First of all, let us take a look at the definition of the sys_clone in arch/x86/kernel/process.c:

long sys_clone(unsigned long clone_flags, unsigned long newsp,
               void __user *parent_tid, void __user *child_tid, struct pt_regs *regs)

Although, the definition looks quite complicated, in reality, it only needs clone_flags and newsp to be specified. 

But there is a strange thing - it does not take a pointer to the thread function as a parameter. That is normal - sys_clone only performs the action suggested by its name - clones the process. But how about the libc's clone? - you may ask. As I have mentioned above, libc's clone is a wrapper and what is does in addition to calling sys_clone is setting its return address in the cloned process to the address of the thread function. But let us examine it in more detail.

clone_flags - this value tells the kernel about how we want our process to be cloned. In our case, as we want to create a thread, rather then a separate process, we should use the following or'ed values:

CLONE_VM  (0x100) - tells the kernel to let the original process and the clone in the same memory space;
CLONE_FS (0x200) - both get the same file system information;
CLONE_FILES (0x400) - share file descriptors;
CLONE_SIGHAND (0x800) - both processes share the same signal handlers;
CLONE_THREAD (0x10000) - this tells the kernel, that both processes would belong to the same thread group (be threads within the same process);

SIGCHLD (0x11) - this is not a flag, this is the number of the SIGCHLD signal, which would be sent to the original process (thread) when the thread is terminated (used by wait functions).

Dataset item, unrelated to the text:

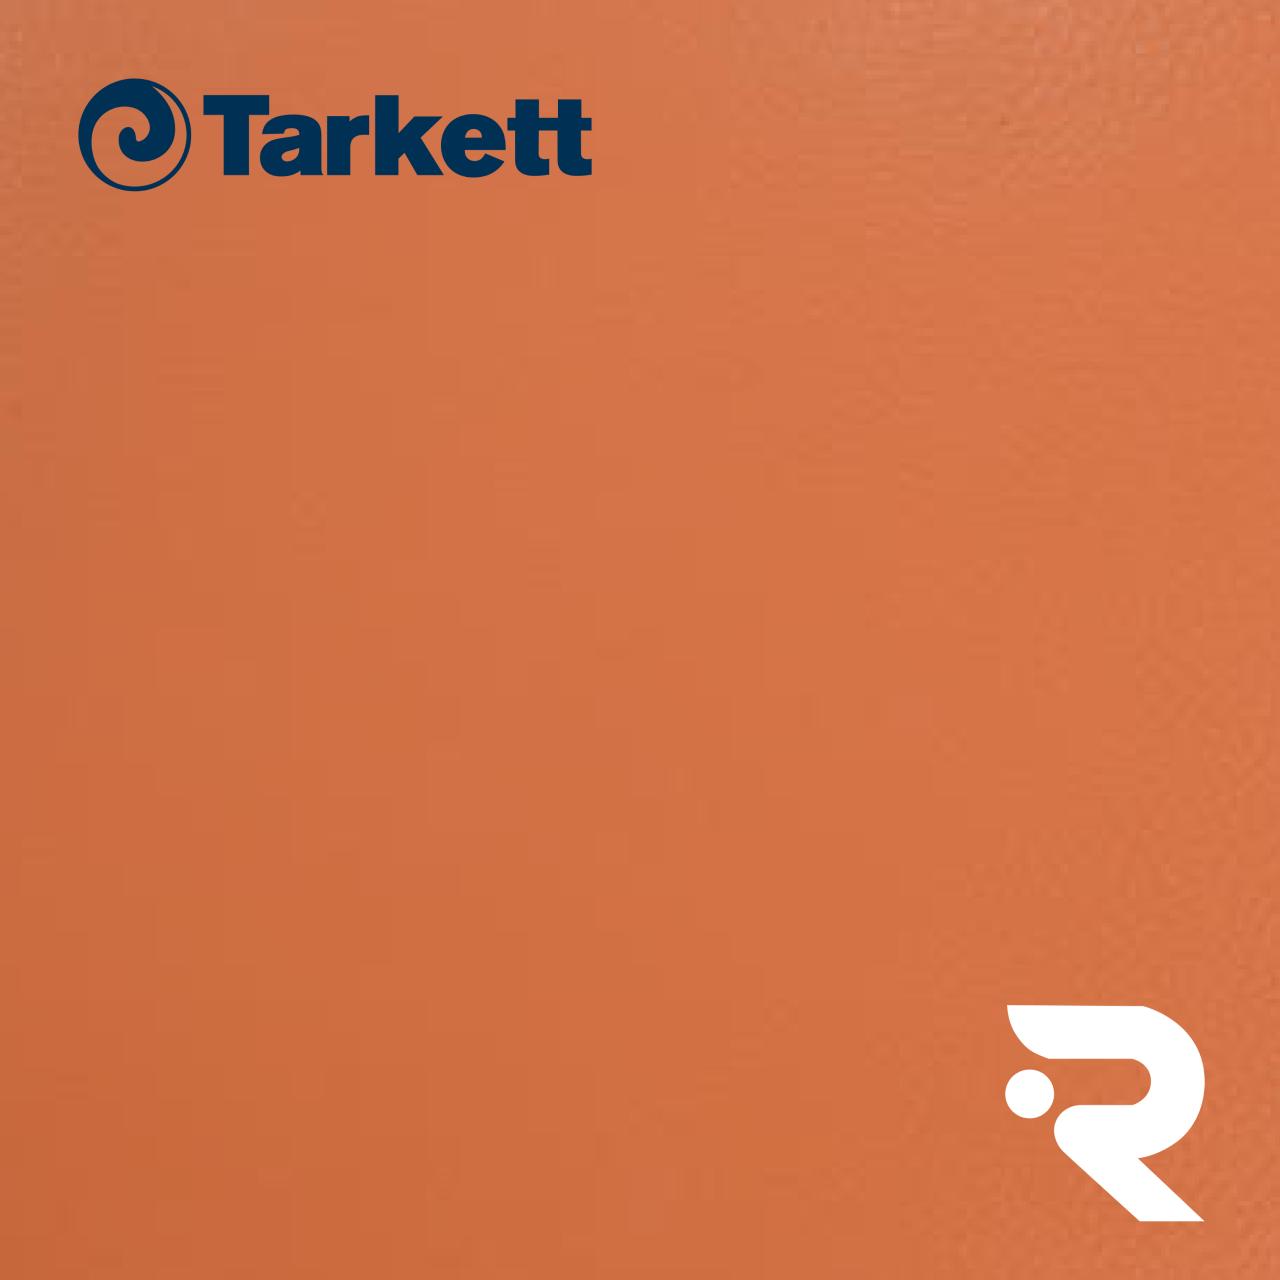 🏐 Спортивне покриття Tarkett | ORANGE | OMNISPORTS V35 | 2 х 20.5 м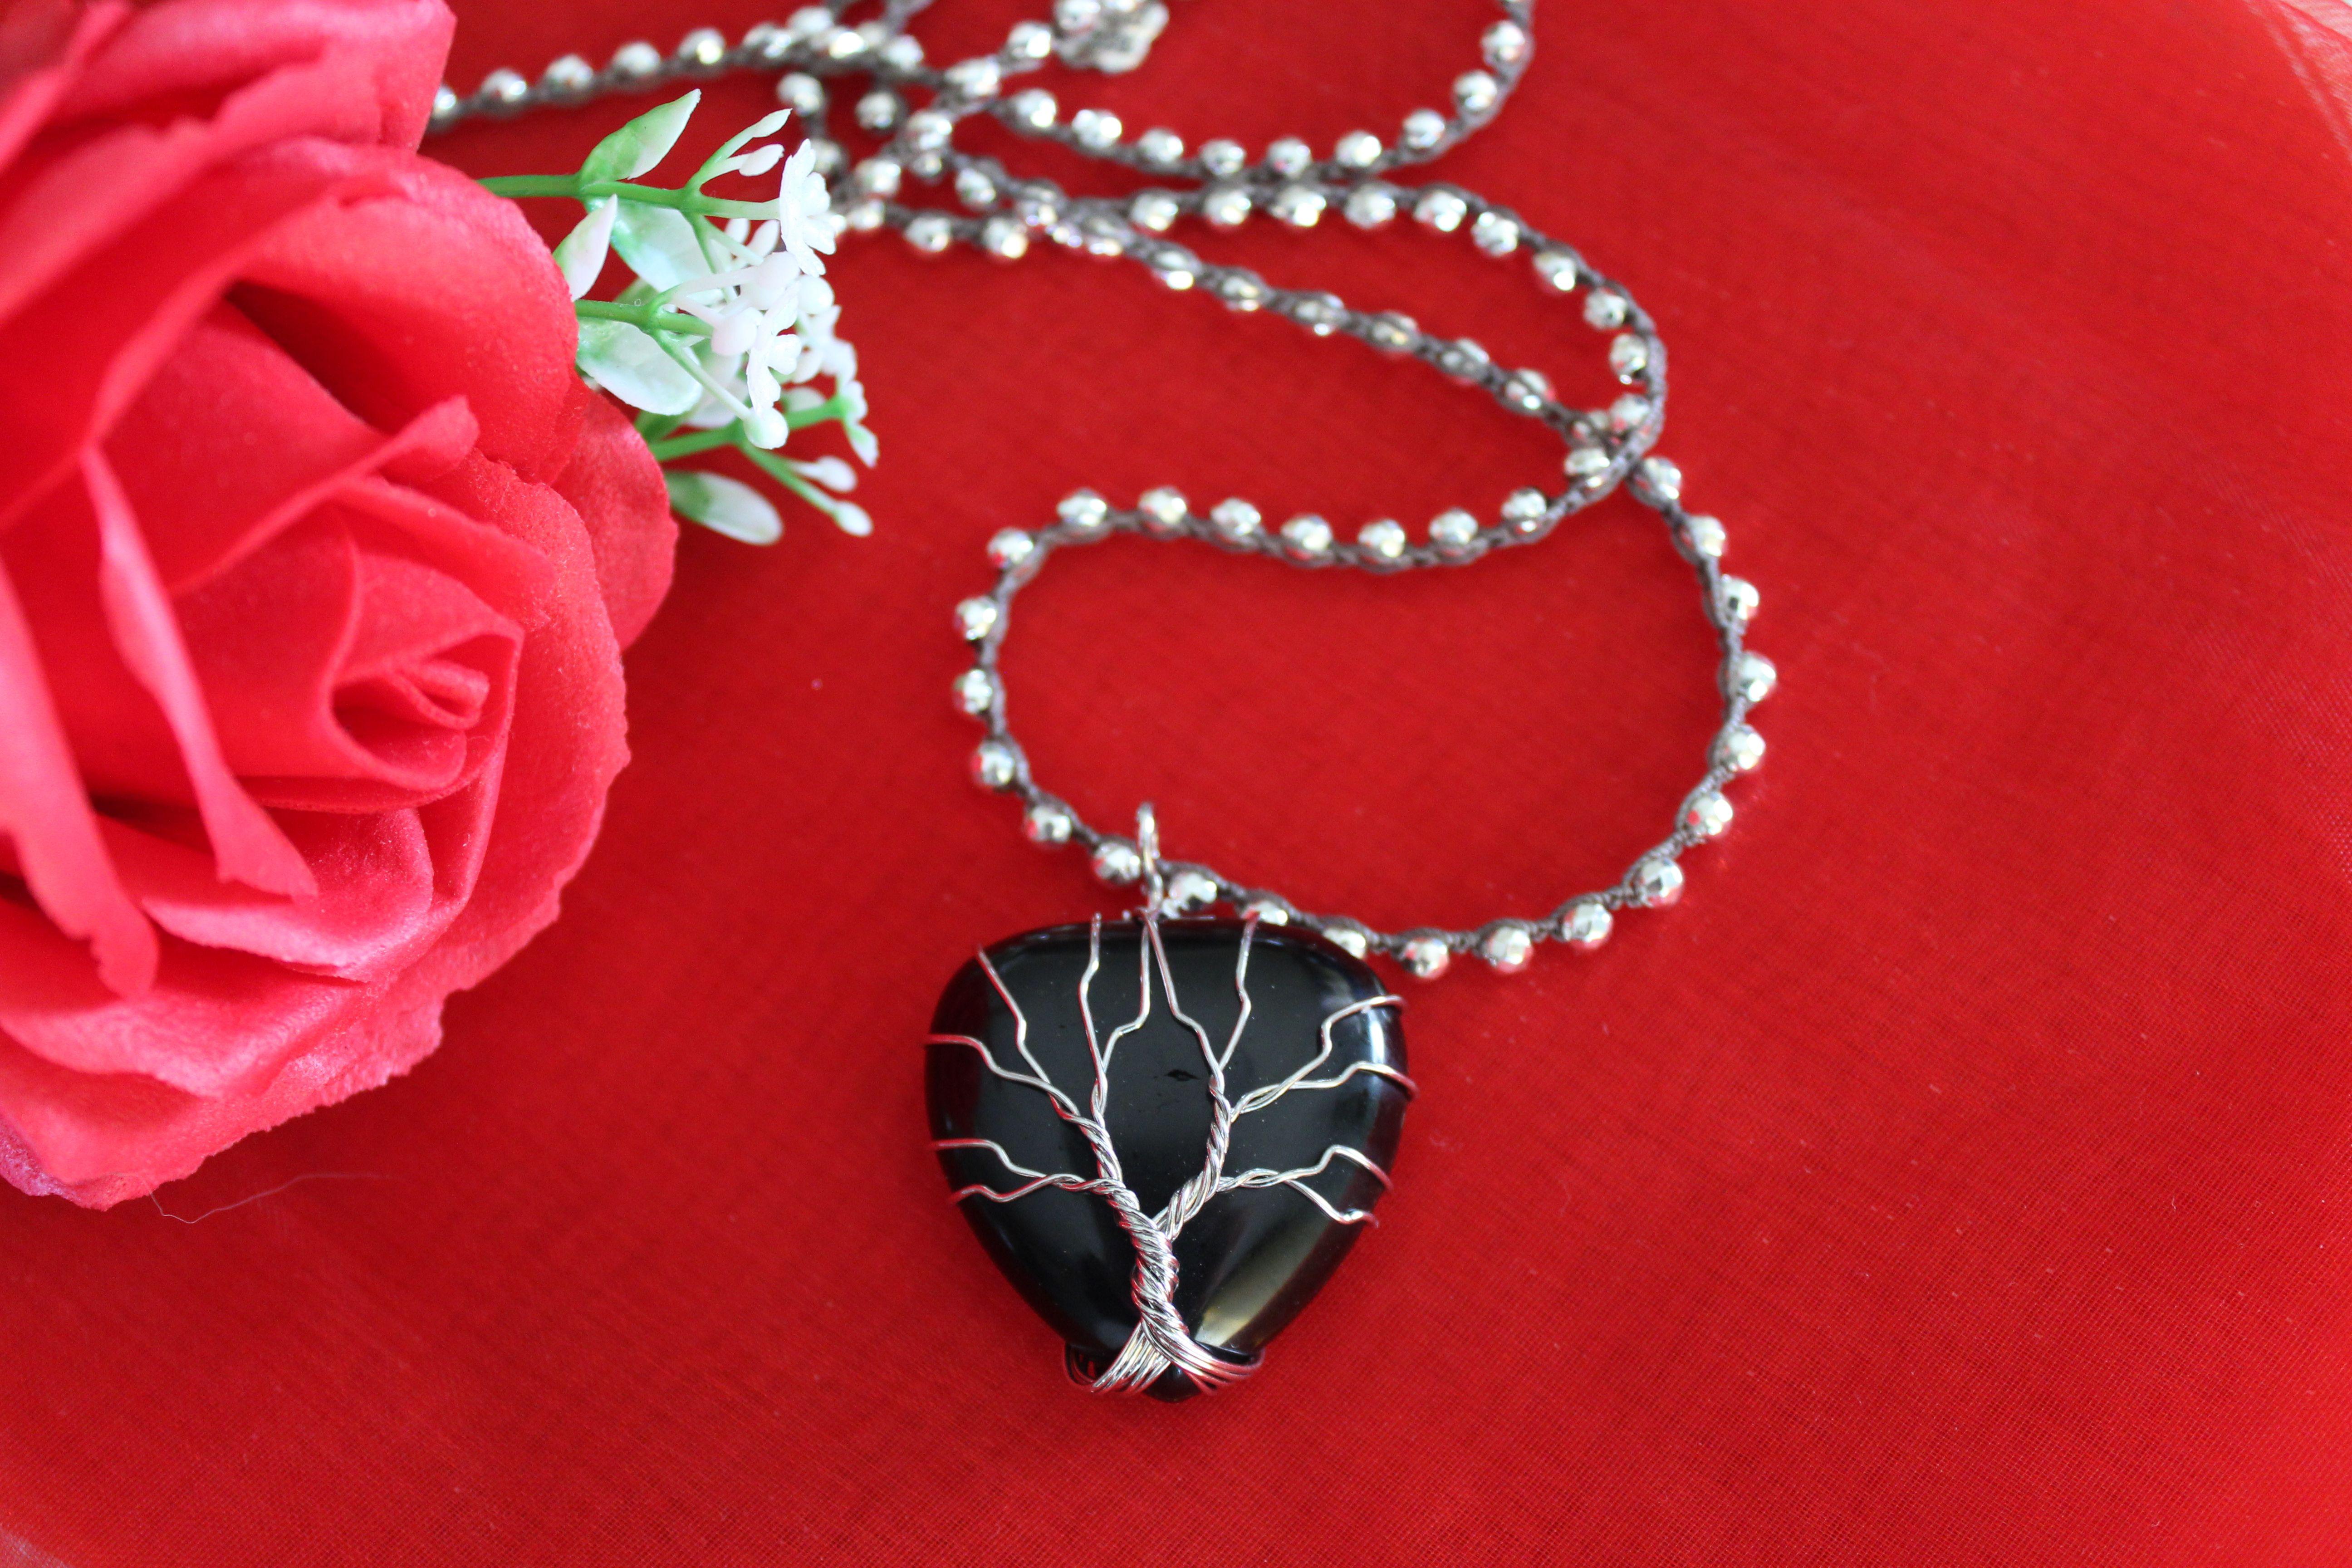 Heart Shaped Jewelry Black Stone Heart Necklace/Tree of

newsp - the value of the stack pointer for the cloned process (new thread). This value may be NULL in which case, both threads are using the same stack. However, if the new thread attempts to write to the stack, then, due to the copy-on-write mechanism, it gets new memory pages, thus, leaving the stack of the original thread untouched.

Stack Allocation
Due to the fact, that in most cases, you would want to allocate a new stack for a new thread, I cannot leave this aspect uncovered in this article. To make things easier, let us implement a small function, which would receive the size of the requested  stack in bytes and return a pointer to the allocated memory region.

Important note:
As Linux follows AMD64 calling convention when running in 64 bits, function parameters and system call arguments are passed via the following registers:
Function call: arguments 1 - 6 via RDI, RSI, RDX, RCX, R8, R9; additional arguments are passed on stack.
System call: arguments 1 - 6 via RDI, RSI, RDX, R10, R8, R9; additional arguments are passed on stack.

C declaration:
void* map_stack(unsigned long stack_size);

PROT_READ     = 1
MAP_PRIVATE   = 0x002
MAP_ANON      = 0x020
SYS_MMAP      = 9

   push  rdi rsi rdx r10 r8 r9                 ;Save registers
   mov   rsi, rdi                              ;Requested size
   xor   rdi, rdi                              ;Preferred address (may be NULL)   
   mov   rdx, PROT_READ or PROT_WRITE          ;Memory protection
   mov   r10, MAP_PRIVATE or MAP_ANON or MAP_GROWSDOWN ;Allocation attributes
   xor   r8, r8                                ;File descriptor (-1)
   dec   r8     
   xor   r9, r9                                ;Offset - irrelevant, so 0
   mov   rax, SYS_MMAP                         ;Set system call number
   syscall                                     ;Execute system call
   pop   r9 r8 r10 rdx rsi rdi                 ;Restore registers

Calling this function would be as easy as:

mov  rdi, size
call map_stack

This function returns either a negative error code as provided by sys_mmap or the address of the allocated memory region. As we specified MAP_GROWSDOWN attribute, the obtained address would point to the top of the allocated region instead of pointing to its bottom, thus, making it perfect to specify as a new stack pointer.

Creation of Thread
In this section, we will implement a trivial create_thread function. It would allocate stack (of default size = 0x1000 bytes) for a new thread, invoke sys_clone and to either the instruction following call create_thread or to the thread function, depending on the return value of sys_clone.

C declaration:
long create_thread(void(*thread_func)(void*), void* param);

As you may see, the return type of the thread_func is void, unlike the real clone function. I will show you why a bit later.

   mov   r14, rdi    ;Save the address of the thread_func
   mov   r15, rsi    ;Save thread parameter
   mov   rdi, 0x1000 ;Requested stack size
   call  map_stack   ;Allocate stack
   mov   rsi, rax    ;Set newsp
   mov   rdi, CLONE_VM or CLONE_FS or CLONE_THREAD or CLONE_SIGHAND or SIGCHLD ;Set clone_flags
   xor   r10, r10    ;parent_tid
   xor   r8, r8      ;child_tid
   xor   r9, r9      ;regs
   mov   rax, SYS_CLONE
   syscall           ;Execute system call
   or    rax, 0      ;Check sys_clone return value
   jnz   .parent     ;If not 0, then it is the ID of the new thread
   push  r14         ;Otherwise, set new return address (thread_func)
   mov   rdi, r15    ;Set argument for the thread_func
   ret               ;Return to thread_func
   ret               ;Return to parent (main thread)

Exiting Thread
Everyone who has ever searched the Web for Assembly programming tutorial for Linux is familiar with sys_exit system call. On 64 bit Intel platform it is call number 60. However, they all (tutorials) miss the point. Although, sys_exit works perfectly with single threaded hello-world-like applications, the situation is different with multithreaded ones. In general, sys_exit terminates thread, not a process, which, in case of a process with a single thread, is definitely enough, but may lead to strange artifacts (or even zombies) if, for example, a thread continues to print to stdout after you have terminated the main thread.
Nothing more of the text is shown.